Exploring the top data analytics libraries in Python reveals a selection of powerful tools designed to streamline scientific computing, data manipulation, machine learning, and web scraping tasks. Similarly, the realm of R offers a rich ecosystem of packages tailored for data manipulation, visualization, machine learning, and web application development. Below, we delve into the features and functionalities of the leading libraries in both Python and R.

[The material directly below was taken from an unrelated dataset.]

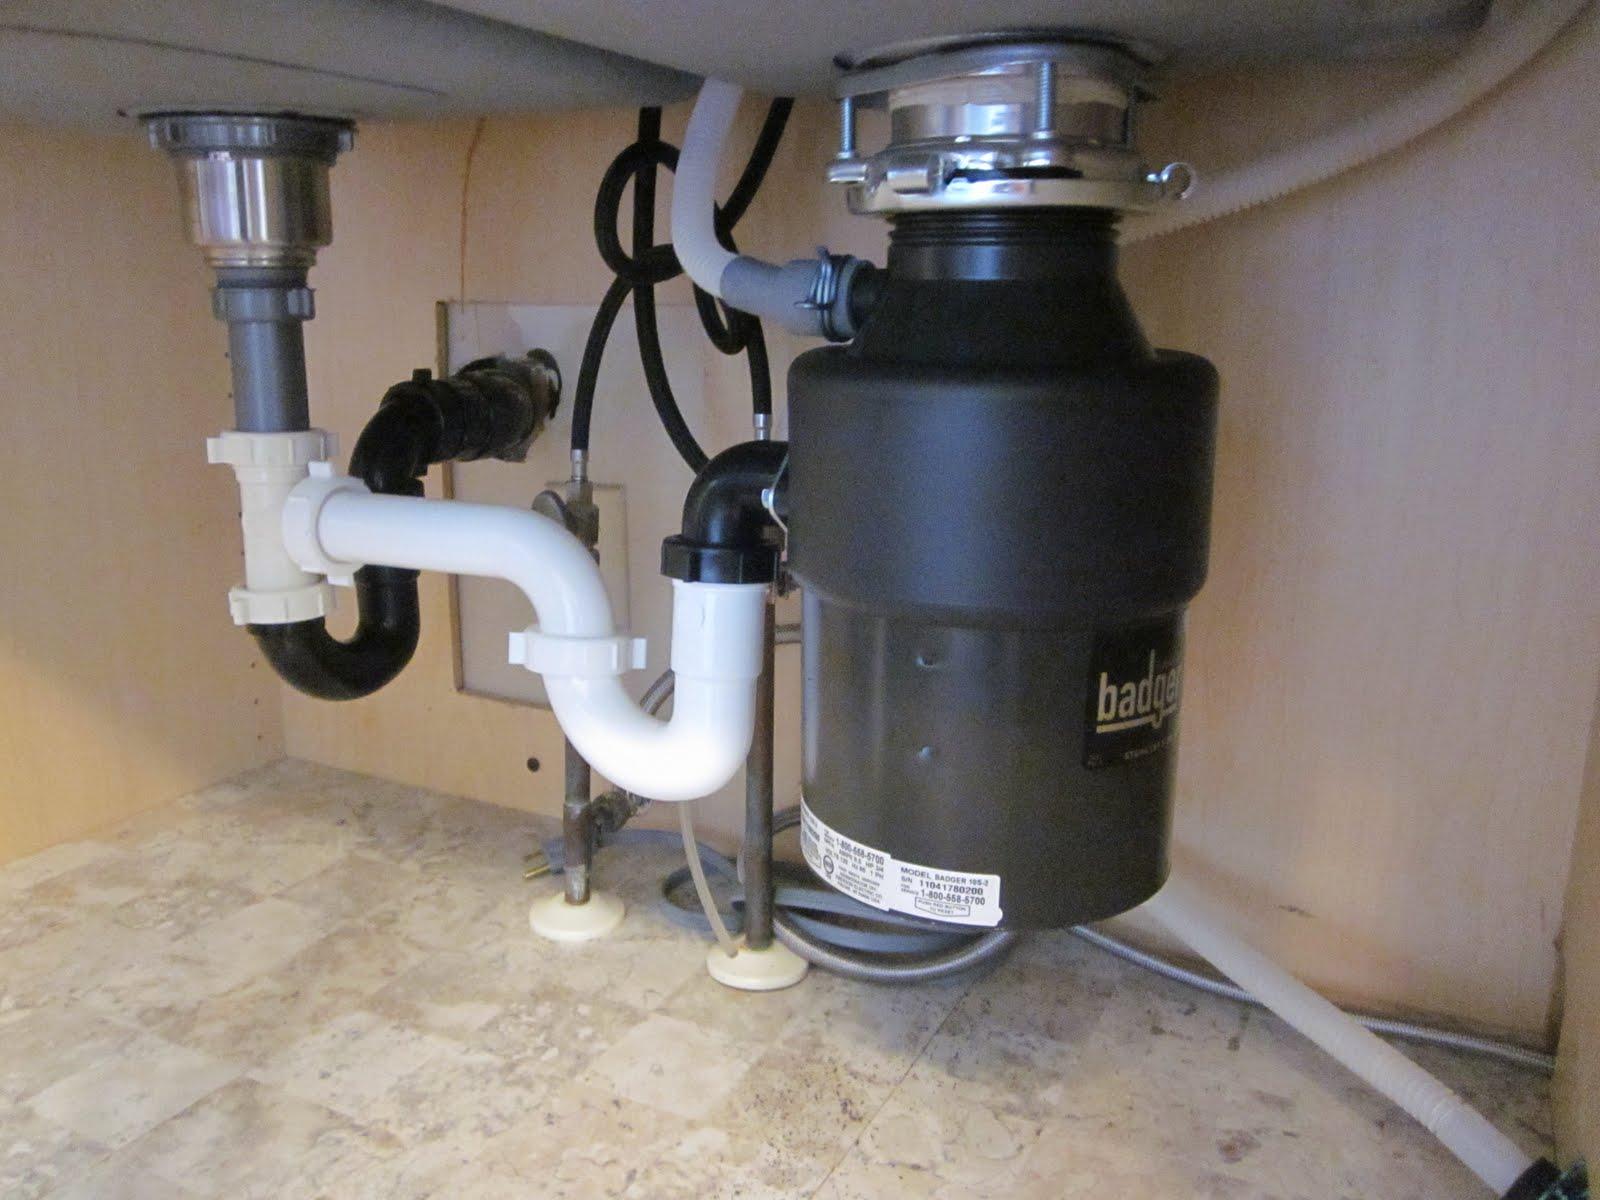 kitchen sink plumbing with garbage disposal and dishwasher unclog kitchen sink Similiar Connecting Garbage Disposal To Sink Keywords Kitchen Sink Drain Clogged

##**Top 5 Data Analytics Libraries in Python.**


Numpy:

*   At the forefront, NumPy emerges as a fundamental package for scientific computing in Python.
*    It furnishes a robust N-dimensional array object along with an array of functions for efficient array operations, encompassing mathematical, logical, and statistical operations, among others.




Pandas:

*   Pandas, another cornerstone in Python's data analysis arsenal, furnishes fast and flexible data structures, including the DataFrame object.
*   Engineered to handle relational or labeled data effortlessly, Pandas simplifies data loading, alignment, and manipulation tasks.




Scikit-Learn:

*   Scikit-Learn stands as an open-source machine learning library offering support for both supervised and unsupervised learning techniques.
*    It provides a suite of tools for model fitting, preprocessing, selection, and evaluation, rendering it accessible and adaptable across diverse contexts.




Keras:

*   For deep learning aficionados, Keras emerges as a premier library, facilitating the development of neural network models with its consistent API and support for multiple backends, including TensorFlow and Theano.
*    Its user-friendly interface and scalability make it an attractive choice for CPU and GPU-based computations.




BeautifulSoup:

*   Rounding off the list, BeautifulSoup emerges as a quintessential tool for parsing HTML and XML documents.
*   By creating parse trees and offering intuitive methods for content extraction and navigation, BeautifulSoup simplifies the often intricate process of web scraping.




## **Top 5  Data Analytics Librariesin R:**

dplyr:

*   In the realm of R, dplyr emerges as a potent package for manipulating and summarizing unstructured data.
*   By furnishing a suite of simple yet powerful functions, dplyr streamlines common data manipulation tasks, ensuring efficiency and ease of use.




ggplot2:
* Leveraging the grammar of graphics, ggplot2 empowers R users to construct visually compelling graphs by expressing relationships between data attributes and graphical representations in a coherent manner, thus expediting the creation of plots.

lubridate:
* Addressing the limitations of R's native date and time handling capabilities,
* lubridate offers a comprehensive suite of functions designed to simplify date and time manipulation tasks, enhancing the efficiency and clarity of code.

mlr:
* Serving as a generic and extensible framework for classification, regression, and clustering tasks in R,
* mlr integrates over 160 basic learners and includes meta-algorithms and model selection techniques to augment the functionality of basic learners.

shiny:
* shiny emerges as a groundbreaking R package for building interactive web applications directly from R code.
* By adopting a reactive programming paradigm and offering a curated set of user interface functions, shiny empowers data scientists to develop sophisticated web apps without delving into the intricacies of web development technologies.








---

## **Python**

In [None]:
import numpy as np
array1D = np.array([2,3,4,5])
print(f"1D Array : {array1D}, Shape : {array1D.shape}")

array2D = np.array([[1,2,3],[4,5,6]])
print(f"2D Array : \n{array2D}, Shape : {array2D.shape}")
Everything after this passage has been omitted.